Say I have variables with multiple time points and I want to do some operation for all the time points. How do I do this in a more efficient way than doing it for each individual time point? In the examples below I want to 1) get a sum for selected columns for each time point, and 2) for each variable, see how much it changes from baseline to all the time points
#fake data to show what the dataset I receive looks like:
library(reshape2)
id=rep(c(1,1,1,2,2,2,3,3,3), 3)
time=c(rep("Time1",9), rep("Time2",9), rep("Time3",9))

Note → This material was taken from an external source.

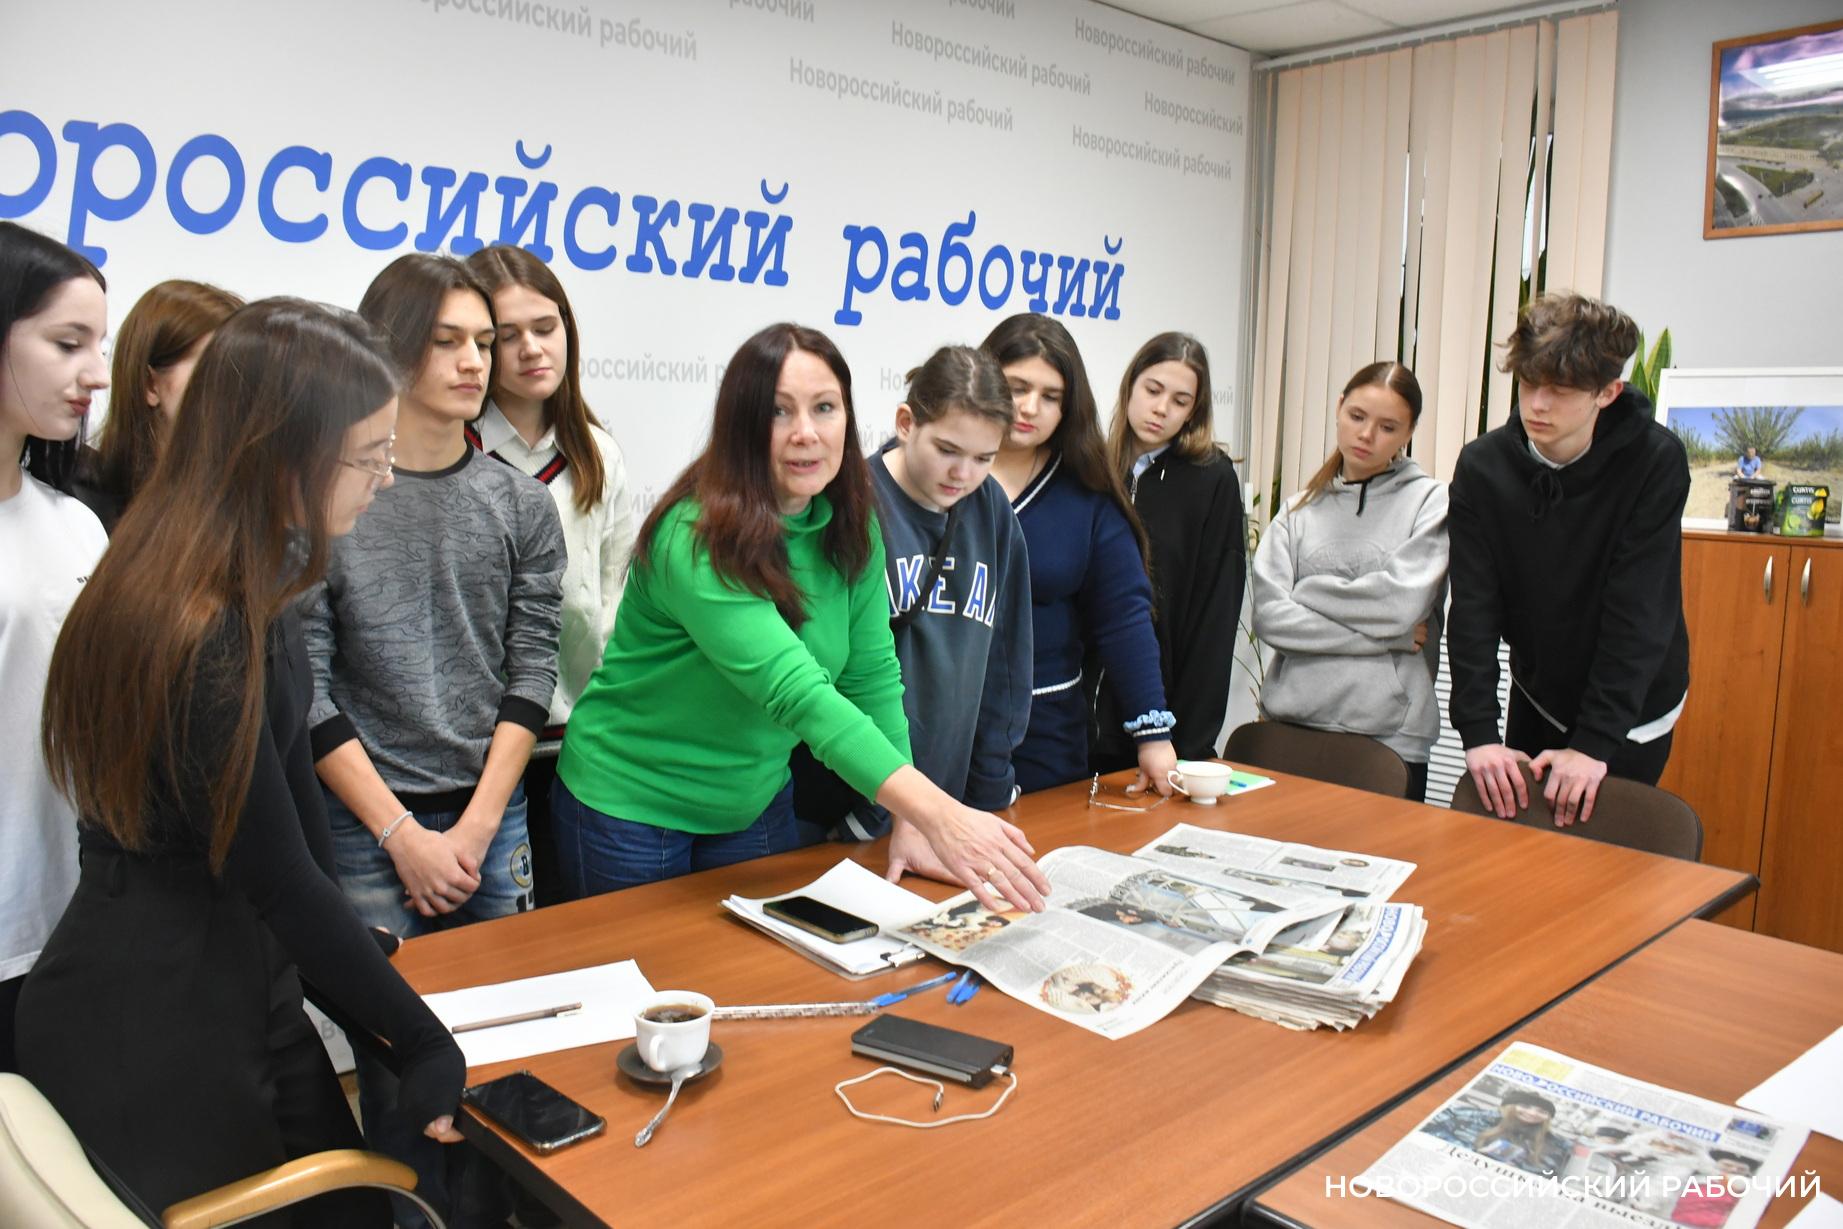 Сегодня – День печати! «Новороссийский рабочий» поздравляет всех причастных
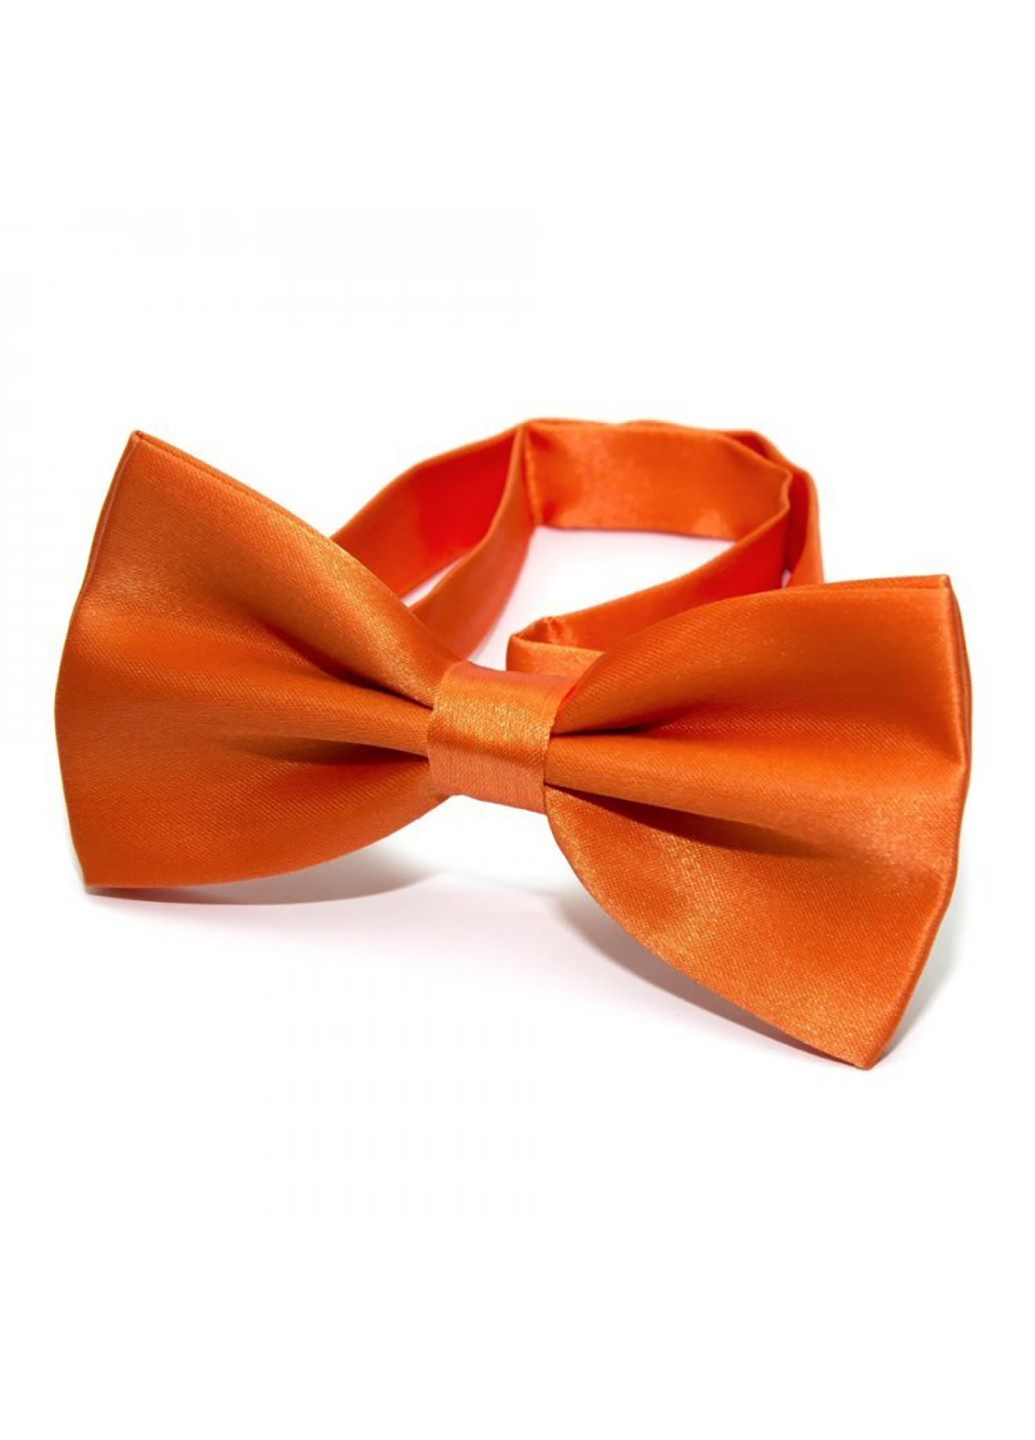 Мужской галстук бабочка 6,5х12,5 см Handmade (252127235)

test=rep(c("calcium","magnesium","zinc"), 9)
score=rnorm(n = 27, mean = 10, sd = 3)
fake <- data.frame(id, time, test, score)
fake <- dcast(fake, id ~ time + test)
#Task 1- Get total of selected columns at each time point
#Non-efficient method:
fake$totalmgcad1 <- rowSums(fake[,c("Time1_calcium", "Time1_magnesium")])
fake$totaldmgca2 <- rowSums(fake[,c("Time2_calcium", "Time2_magnesium")])
fake$totaldmgca3 <- rowSums(fake[,c("Time3_calcium", "Time3_magnesium")])
#Task 2 - Get change in calcium levels from baseline to each day
#Non-efficient method:
fake$calciumt1t2 <- fake$Time2_calcium - fake$Time1_calcium
fake$calciumt1t3 <- fake$Time3_calcium - fake$Time1_calcium
Any tips for how I can do the above in fewer lines? Is there a way to use group_by() for this, or do I need to make lists and use lapply()?